_ACTION ITEM_
Using the listing below, copy exactly the lines from the one containing "酒瓶打印机 酒瓶打印机厂家 深龙杰打印机行业15年" to the one containing "Czerwony poczty pudełko na brudnej ścianie", both lines included, and no others.

_INPUT RECORDS_
-- Opening Marker --

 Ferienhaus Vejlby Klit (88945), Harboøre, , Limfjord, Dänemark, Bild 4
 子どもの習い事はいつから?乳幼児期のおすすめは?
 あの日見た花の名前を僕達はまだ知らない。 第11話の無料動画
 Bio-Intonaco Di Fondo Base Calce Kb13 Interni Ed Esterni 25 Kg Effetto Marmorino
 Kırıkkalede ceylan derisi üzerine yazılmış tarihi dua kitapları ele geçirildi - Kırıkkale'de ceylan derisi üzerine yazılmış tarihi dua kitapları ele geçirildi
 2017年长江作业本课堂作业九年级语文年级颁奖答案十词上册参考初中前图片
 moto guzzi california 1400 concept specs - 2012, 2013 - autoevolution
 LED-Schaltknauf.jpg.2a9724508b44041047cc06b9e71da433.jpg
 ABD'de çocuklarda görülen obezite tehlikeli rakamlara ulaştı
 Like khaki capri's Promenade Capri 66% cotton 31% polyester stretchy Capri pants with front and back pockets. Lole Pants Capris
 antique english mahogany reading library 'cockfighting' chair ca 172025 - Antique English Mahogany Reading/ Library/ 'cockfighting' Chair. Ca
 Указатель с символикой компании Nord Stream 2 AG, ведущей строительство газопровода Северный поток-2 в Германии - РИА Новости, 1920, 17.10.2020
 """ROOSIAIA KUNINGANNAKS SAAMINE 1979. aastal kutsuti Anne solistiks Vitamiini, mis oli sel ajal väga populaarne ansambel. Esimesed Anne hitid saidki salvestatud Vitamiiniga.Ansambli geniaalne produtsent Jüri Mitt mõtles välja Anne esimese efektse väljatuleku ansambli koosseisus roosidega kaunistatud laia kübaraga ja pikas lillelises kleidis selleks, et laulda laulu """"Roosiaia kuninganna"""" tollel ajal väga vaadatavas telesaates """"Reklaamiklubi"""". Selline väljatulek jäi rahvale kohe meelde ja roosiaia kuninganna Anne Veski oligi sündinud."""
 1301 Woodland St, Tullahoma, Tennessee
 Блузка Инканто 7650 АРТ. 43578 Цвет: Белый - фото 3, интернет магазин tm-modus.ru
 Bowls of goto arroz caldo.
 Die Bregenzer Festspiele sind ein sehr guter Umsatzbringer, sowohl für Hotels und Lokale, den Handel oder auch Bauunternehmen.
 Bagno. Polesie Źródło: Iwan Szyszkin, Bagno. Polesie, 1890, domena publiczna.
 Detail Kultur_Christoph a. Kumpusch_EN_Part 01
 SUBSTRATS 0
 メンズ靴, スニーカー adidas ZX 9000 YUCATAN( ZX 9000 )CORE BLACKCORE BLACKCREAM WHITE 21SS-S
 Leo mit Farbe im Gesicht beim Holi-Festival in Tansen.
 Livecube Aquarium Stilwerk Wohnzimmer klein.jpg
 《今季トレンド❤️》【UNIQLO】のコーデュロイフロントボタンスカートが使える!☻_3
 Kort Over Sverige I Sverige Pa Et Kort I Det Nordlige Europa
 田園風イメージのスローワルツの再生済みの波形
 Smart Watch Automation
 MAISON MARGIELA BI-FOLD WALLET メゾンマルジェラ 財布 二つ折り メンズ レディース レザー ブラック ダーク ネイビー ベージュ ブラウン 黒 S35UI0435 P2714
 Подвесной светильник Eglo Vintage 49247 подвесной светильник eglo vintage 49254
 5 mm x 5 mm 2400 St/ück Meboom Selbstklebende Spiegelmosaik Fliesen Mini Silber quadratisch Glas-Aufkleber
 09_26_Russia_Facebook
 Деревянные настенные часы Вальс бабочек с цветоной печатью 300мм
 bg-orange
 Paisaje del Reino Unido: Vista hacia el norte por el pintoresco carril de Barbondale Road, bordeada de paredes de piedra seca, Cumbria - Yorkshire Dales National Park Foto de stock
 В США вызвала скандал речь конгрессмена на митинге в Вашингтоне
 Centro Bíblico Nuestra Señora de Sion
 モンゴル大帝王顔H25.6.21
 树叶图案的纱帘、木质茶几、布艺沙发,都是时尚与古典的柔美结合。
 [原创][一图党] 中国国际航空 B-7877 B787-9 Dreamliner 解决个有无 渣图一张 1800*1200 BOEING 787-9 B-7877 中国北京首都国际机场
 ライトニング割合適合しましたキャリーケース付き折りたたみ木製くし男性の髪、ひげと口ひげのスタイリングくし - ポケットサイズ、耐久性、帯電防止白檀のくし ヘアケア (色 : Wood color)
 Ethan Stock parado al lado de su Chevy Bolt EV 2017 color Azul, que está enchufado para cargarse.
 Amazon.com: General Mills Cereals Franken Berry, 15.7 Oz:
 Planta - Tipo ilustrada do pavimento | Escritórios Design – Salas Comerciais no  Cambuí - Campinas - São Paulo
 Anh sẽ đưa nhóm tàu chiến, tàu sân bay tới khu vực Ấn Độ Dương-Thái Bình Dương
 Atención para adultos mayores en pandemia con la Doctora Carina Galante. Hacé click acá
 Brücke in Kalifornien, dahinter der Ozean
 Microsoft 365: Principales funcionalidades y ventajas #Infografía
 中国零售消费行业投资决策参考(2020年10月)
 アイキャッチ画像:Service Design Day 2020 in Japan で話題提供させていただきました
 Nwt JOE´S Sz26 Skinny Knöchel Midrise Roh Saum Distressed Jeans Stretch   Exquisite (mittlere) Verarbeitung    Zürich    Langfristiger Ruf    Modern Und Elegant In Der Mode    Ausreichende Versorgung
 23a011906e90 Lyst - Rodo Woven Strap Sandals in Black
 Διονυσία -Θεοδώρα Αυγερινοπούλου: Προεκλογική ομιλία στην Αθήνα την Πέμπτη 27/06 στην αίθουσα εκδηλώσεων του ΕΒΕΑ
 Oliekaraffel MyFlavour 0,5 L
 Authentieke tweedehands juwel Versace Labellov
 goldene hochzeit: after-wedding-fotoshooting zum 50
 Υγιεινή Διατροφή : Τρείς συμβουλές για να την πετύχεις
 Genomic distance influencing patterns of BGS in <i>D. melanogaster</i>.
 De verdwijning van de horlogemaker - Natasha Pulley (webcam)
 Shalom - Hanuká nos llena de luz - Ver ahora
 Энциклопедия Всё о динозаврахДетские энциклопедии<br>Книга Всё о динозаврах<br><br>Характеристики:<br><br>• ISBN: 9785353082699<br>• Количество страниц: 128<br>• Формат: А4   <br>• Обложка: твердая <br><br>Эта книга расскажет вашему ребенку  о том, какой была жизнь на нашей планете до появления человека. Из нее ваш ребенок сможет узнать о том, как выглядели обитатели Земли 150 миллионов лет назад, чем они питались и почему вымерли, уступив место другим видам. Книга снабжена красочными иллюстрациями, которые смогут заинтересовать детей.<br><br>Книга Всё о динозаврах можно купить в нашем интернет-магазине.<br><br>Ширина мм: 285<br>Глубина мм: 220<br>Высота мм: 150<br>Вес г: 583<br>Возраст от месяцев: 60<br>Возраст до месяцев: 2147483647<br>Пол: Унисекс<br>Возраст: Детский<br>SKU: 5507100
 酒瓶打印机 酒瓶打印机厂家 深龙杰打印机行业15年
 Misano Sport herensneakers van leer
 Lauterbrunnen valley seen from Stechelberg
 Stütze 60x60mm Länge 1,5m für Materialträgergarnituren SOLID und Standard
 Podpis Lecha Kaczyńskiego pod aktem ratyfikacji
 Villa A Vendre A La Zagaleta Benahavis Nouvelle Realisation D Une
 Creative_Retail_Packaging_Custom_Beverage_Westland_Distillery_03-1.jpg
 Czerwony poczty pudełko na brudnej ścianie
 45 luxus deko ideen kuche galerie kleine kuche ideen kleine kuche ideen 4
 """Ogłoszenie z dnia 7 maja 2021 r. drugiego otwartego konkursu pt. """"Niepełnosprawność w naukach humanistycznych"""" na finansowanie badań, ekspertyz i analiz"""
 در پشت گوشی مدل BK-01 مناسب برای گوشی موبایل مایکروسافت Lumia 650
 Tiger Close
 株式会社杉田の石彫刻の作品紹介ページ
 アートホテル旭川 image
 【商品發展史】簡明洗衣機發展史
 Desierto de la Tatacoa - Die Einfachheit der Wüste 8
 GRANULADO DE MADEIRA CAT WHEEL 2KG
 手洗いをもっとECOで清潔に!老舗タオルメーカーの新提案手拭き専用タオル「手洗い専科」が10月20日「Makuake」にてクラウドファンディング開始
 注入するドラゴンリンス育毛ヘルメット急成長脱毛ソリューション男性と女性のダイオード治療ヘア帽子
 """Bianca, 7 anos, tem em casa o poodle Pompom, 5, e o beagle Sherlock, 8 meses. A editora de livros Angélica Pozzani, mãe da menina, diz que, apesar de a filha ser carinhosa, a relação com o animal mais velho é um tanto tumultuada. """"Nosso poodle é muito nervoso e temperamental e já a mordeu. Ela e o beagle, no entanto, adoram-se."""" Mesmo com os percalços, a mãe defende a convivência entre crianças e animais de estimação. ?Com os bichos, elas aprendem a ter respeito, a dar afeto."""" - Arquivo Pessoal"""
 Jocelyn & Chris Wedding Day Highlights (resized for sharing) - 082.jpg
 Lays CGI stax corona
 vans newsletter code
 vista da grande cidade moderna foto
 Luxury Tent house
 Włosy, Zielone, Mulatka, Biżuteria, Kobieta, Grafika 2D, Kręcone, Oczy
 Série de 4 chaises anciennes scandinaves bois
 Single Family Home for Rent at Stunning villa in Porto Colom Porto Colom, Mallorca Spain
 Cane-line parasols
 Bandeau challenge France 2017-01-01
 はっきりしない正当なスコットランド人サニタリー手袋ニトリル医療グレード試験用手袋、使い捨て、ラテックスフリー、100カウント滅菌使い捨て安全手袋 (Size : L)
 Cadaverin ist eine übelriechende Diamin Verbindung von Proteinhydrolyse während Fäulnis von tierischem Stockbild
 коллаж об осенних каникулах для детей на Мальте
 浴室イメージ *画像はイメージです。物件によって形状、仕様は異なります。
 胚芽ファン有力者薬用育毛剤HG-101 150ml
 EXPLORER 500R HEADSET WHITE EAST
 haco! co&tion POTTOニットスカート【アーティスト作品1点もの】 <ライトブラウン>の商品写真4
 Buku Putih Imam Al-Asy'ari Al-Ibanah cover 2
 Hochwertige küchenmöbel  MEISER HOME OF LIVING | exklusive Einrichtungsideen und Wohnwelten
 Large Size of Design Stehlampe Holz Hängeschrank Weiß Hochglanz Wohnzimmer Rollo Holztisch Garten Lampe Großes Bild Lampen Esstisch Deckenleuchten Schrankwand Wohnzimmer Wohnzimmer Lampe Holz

-- Closing Marker --

_ANSWER TO THE EXERCISE_
 酒瓶打印机 酒瓶打印机厂家 深龙杰打印机行业15年
 Misano Sport herensneakers van leer
 Lauterbrunnen valley seen from Stechelberg
 Stütze 60x60mm Länge 1,5m für Materialträgergarnituren SOLID und Standard
 Podpis Lecha Kaczyńskiego pod aktem ratyfikacji
 Villa A Vendre A La Zagaleta Benahavis Nouvelle Realisation D Une
 Creative_Retail_Packaging_Custom_Beverage_Westland_Distillery_03-1.jpg
 Czerwony poczty pudełko na brudnej ścianie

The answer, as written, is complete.